# What this task involves
Your output must be the lines below from the line containing "Stadium Cups" to the line containing "Ein prächtiger Dreisteinring", both lines included, reproduced exactly and without pictures.

# Raw data
★ ★ ★ ★

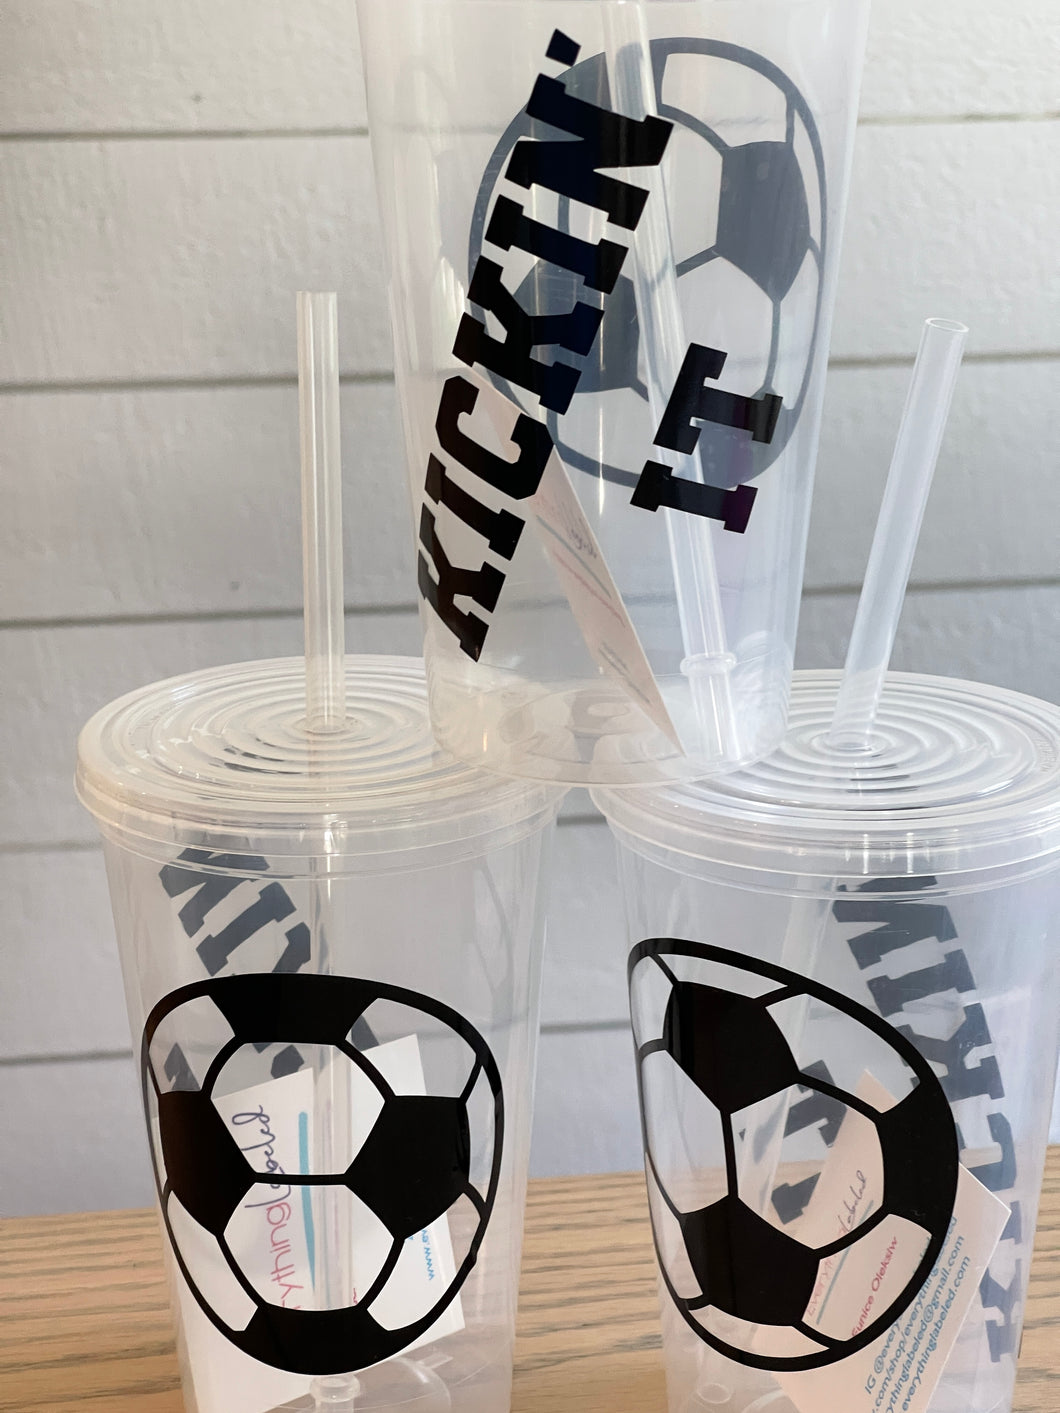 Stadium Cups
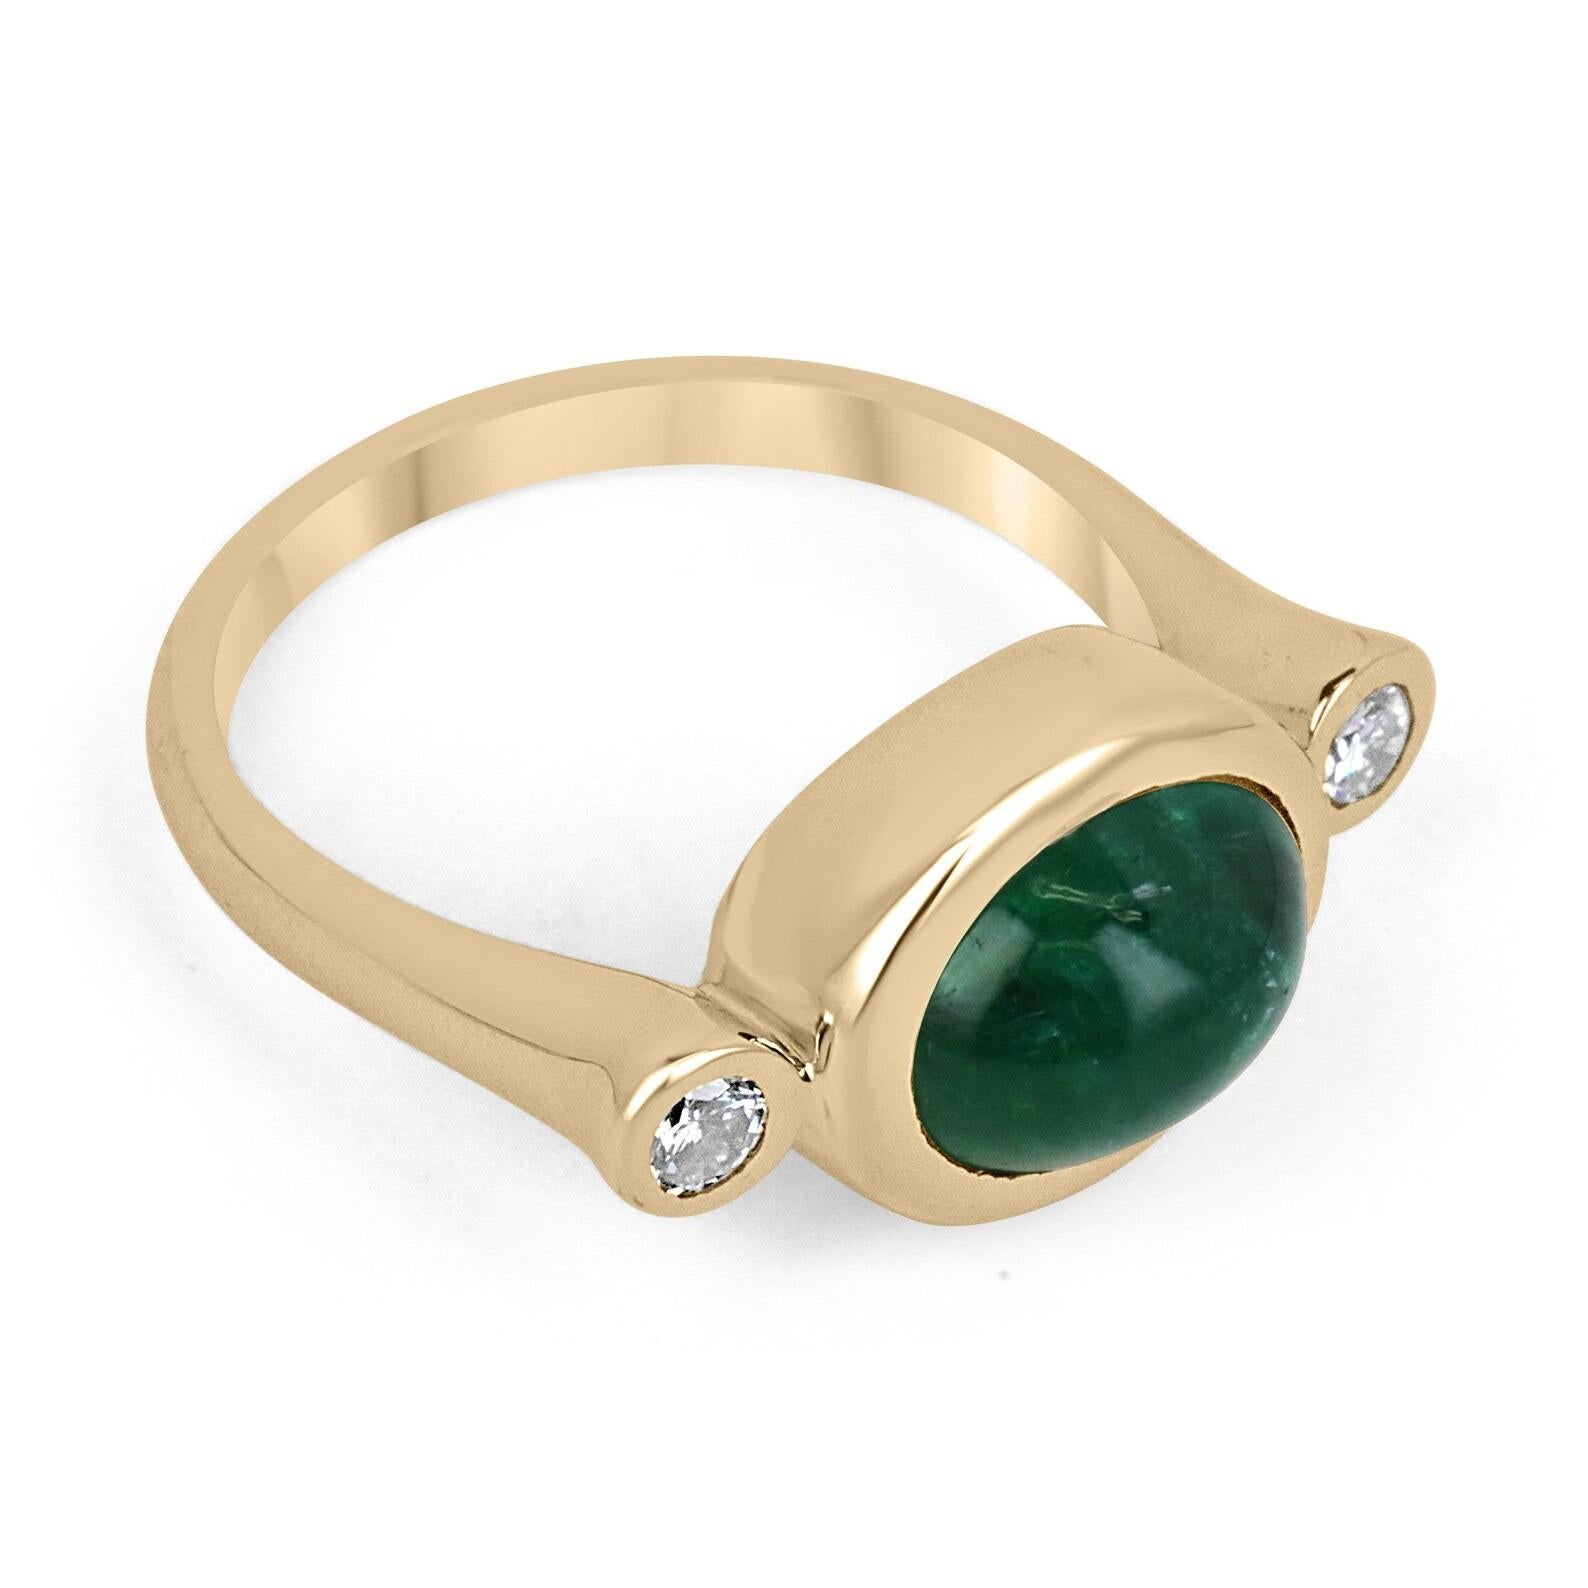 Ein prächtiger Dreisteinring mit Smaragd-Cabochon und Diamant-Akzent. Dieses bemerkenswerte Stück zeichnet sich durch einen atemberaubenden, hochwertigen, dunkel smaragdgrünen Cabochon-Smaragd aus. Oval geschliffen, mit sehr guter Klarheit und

★ ★ ★ ★

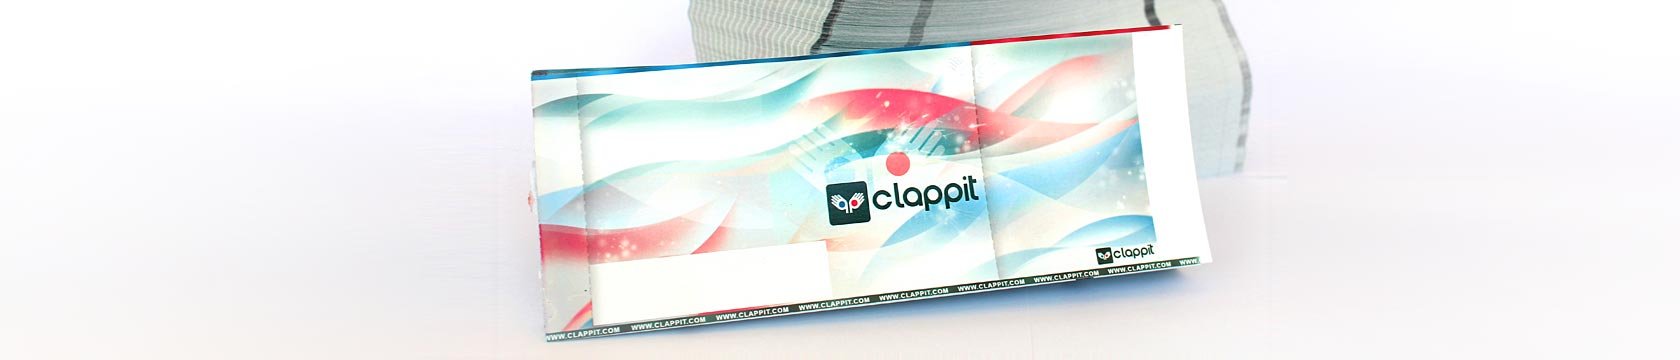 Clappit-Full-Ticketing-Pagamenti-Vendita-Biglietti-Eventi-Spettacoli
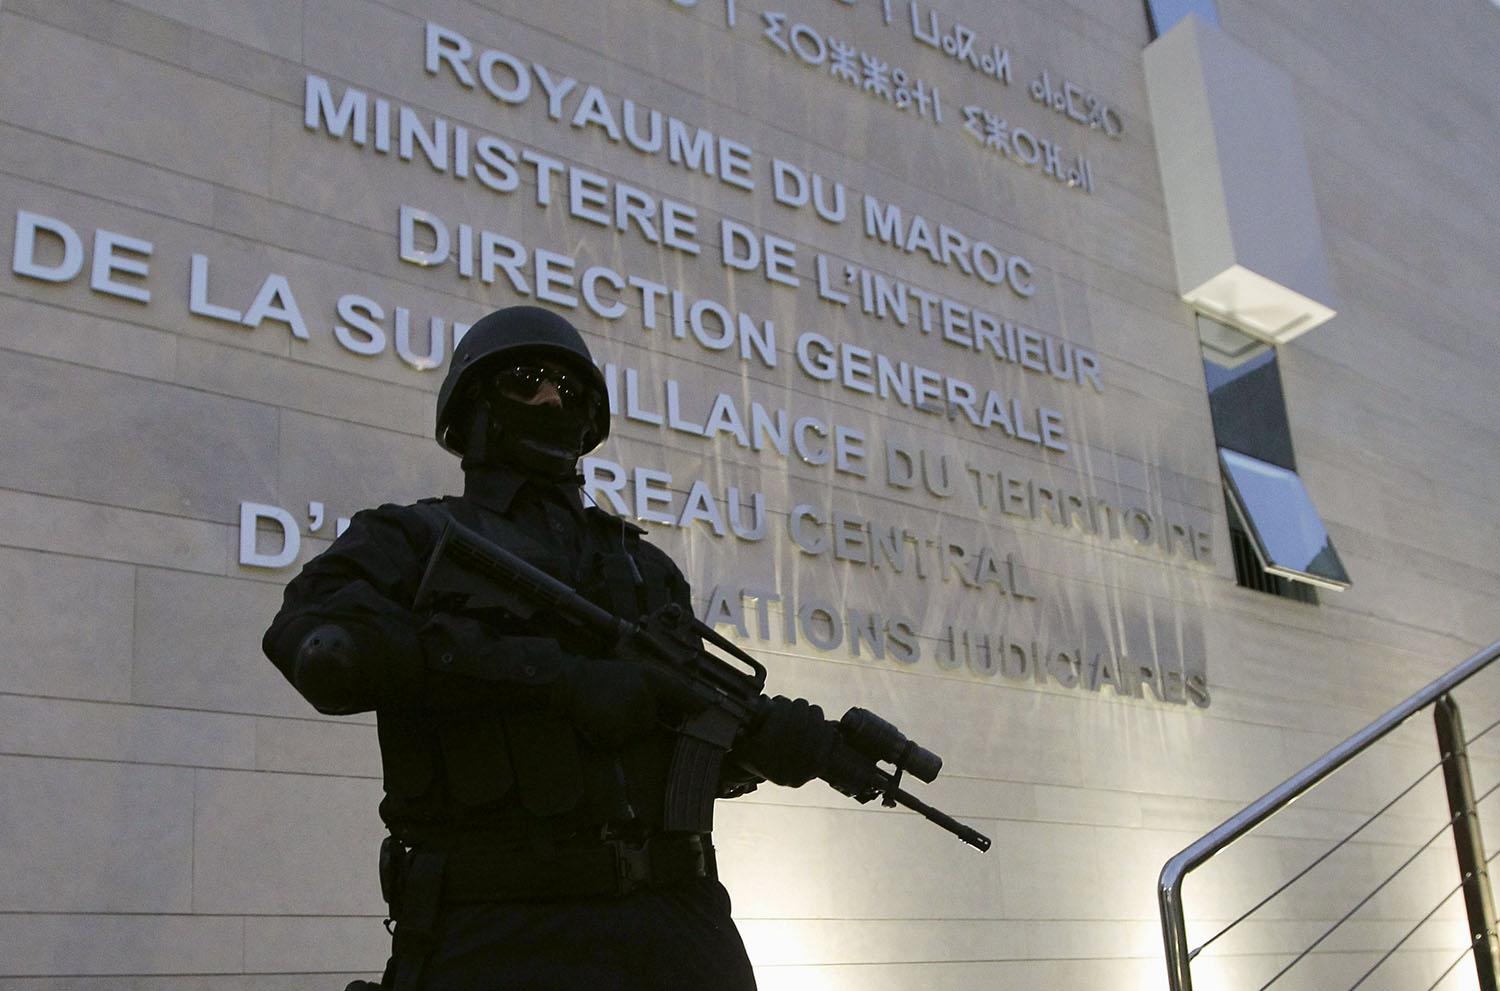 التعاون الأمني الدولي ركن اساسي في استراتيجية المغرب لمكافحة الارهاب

★ ★ ★ ★

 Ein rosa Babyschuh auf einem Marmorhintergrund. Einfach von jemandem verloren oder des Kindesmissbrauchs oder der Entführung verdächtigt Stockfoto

★ ★ ★ ★

# Finished task
 Stadium Cups
 Ein prächtiger Dreisteinring mit Smaragd-Cabochon und Diamant-Akzent. Dieses bemerkenswerte Stück zeichnet sich durch einen atemberaubenden, hochwertigen, dunkel smaragdgrünen Cabochon-Smaragd aus. Oval geschliffen, mit sehr guter Klarheit und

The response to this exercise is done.